Task goal: Whichever lines of the material contain "green", copy each of them.

Task input:
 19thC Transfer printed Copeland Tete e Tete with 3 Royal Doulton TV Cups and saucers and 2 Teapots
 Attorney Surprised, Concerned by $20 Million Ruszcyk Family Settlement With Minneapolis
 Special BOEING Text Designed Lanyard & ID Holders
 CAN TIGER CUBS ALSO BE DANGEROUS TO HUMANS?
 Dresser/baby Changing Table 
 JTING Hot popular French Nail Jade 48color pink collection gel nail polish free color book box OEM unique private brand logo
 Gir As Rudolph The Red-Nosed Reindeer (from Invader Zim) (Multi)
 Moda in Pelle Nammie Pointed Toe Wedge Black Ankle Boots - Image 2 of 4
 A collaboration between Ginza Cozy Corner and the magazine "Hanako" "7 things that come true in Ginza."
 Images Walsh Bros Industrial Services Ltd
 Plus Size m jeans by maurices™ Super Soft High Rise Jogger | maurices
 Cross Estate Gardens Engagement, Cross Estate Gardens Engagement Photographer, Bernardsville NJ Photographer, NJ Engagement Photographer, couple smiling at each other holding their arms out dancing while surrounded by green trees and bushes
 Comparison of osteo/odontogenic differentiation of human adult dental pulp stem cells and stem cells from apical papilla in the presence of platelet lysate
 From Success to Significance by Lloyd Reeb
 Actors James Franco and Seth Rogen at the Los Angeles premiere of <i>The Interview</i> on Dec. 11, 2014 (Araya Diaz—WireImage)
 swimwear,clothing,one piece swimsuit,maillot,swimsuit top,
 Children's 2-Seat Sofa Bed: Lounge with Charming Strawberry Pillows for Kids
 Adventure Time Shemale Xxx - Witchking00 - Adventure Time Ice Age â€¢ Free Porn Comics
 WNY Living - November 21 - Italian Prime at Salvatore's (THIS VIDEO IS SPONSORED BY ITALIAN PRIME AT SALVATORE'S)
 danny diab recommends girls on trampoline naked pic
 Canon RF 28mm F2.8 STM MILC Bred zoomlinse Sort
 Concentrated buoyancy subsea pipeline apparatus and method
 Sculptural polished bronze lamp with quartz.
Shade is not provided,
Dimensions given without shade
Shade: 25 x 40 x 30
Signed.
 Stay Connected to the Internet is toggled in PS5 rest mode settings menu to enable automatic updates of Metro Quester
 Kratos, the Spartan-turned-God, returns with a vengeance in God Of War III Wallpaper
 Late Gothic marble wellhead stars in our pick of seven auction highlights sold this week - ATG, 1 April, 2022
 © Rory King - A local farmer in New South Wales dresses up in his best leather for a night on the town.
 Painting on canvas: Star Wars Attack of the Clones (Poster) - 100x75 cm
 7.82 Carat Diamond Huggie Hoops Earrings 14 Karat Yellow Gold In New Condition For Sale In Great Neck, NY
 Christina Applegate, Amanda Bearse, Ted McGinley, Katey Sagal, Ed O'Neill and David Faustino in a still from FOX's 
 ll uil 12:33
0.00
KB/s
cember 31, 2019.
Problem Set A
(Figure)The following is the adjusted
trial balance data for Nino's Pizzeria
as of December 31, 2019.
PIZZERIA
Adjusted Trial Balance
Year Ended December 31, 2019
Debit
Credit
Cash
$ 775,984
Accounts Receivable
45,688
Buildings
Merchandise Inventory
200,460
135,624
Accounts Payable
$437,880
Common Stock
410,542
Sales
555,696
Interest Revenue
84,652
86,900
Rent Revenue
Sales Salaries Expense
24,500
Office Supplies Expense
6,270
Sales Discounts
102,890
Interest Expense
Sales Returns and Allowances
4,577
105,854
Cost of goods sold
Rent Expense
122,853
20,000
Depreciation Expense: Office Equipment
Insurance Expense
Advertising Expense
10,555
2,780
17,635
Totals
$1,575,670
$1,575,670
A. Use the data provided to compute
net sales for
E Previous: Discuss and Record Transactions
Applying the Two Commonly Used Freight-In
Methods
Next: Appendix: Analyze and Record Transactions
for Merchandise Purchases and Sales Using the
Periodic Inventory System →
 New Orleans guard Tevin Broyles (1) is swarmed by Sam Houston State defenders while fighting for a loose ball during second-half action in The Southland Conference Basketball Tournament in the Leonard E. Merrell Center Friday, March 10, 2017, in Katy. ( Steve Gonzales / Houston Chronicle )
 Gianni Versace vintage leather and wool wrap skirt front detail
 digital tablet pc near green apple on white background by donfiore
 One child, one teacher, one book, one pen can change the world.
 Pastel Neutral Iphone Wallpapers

Response to the task:
 Cross Estate Gardens Engagement, Cross Estate Gardens Engagement Photographer, Bernardsville NJ Photographer, NJ Engagement Photographer, couple smiling at each other holding their arms out dancing while surrounded by green trees and bushes
 digital tablet pc near green apple on white background by donfiore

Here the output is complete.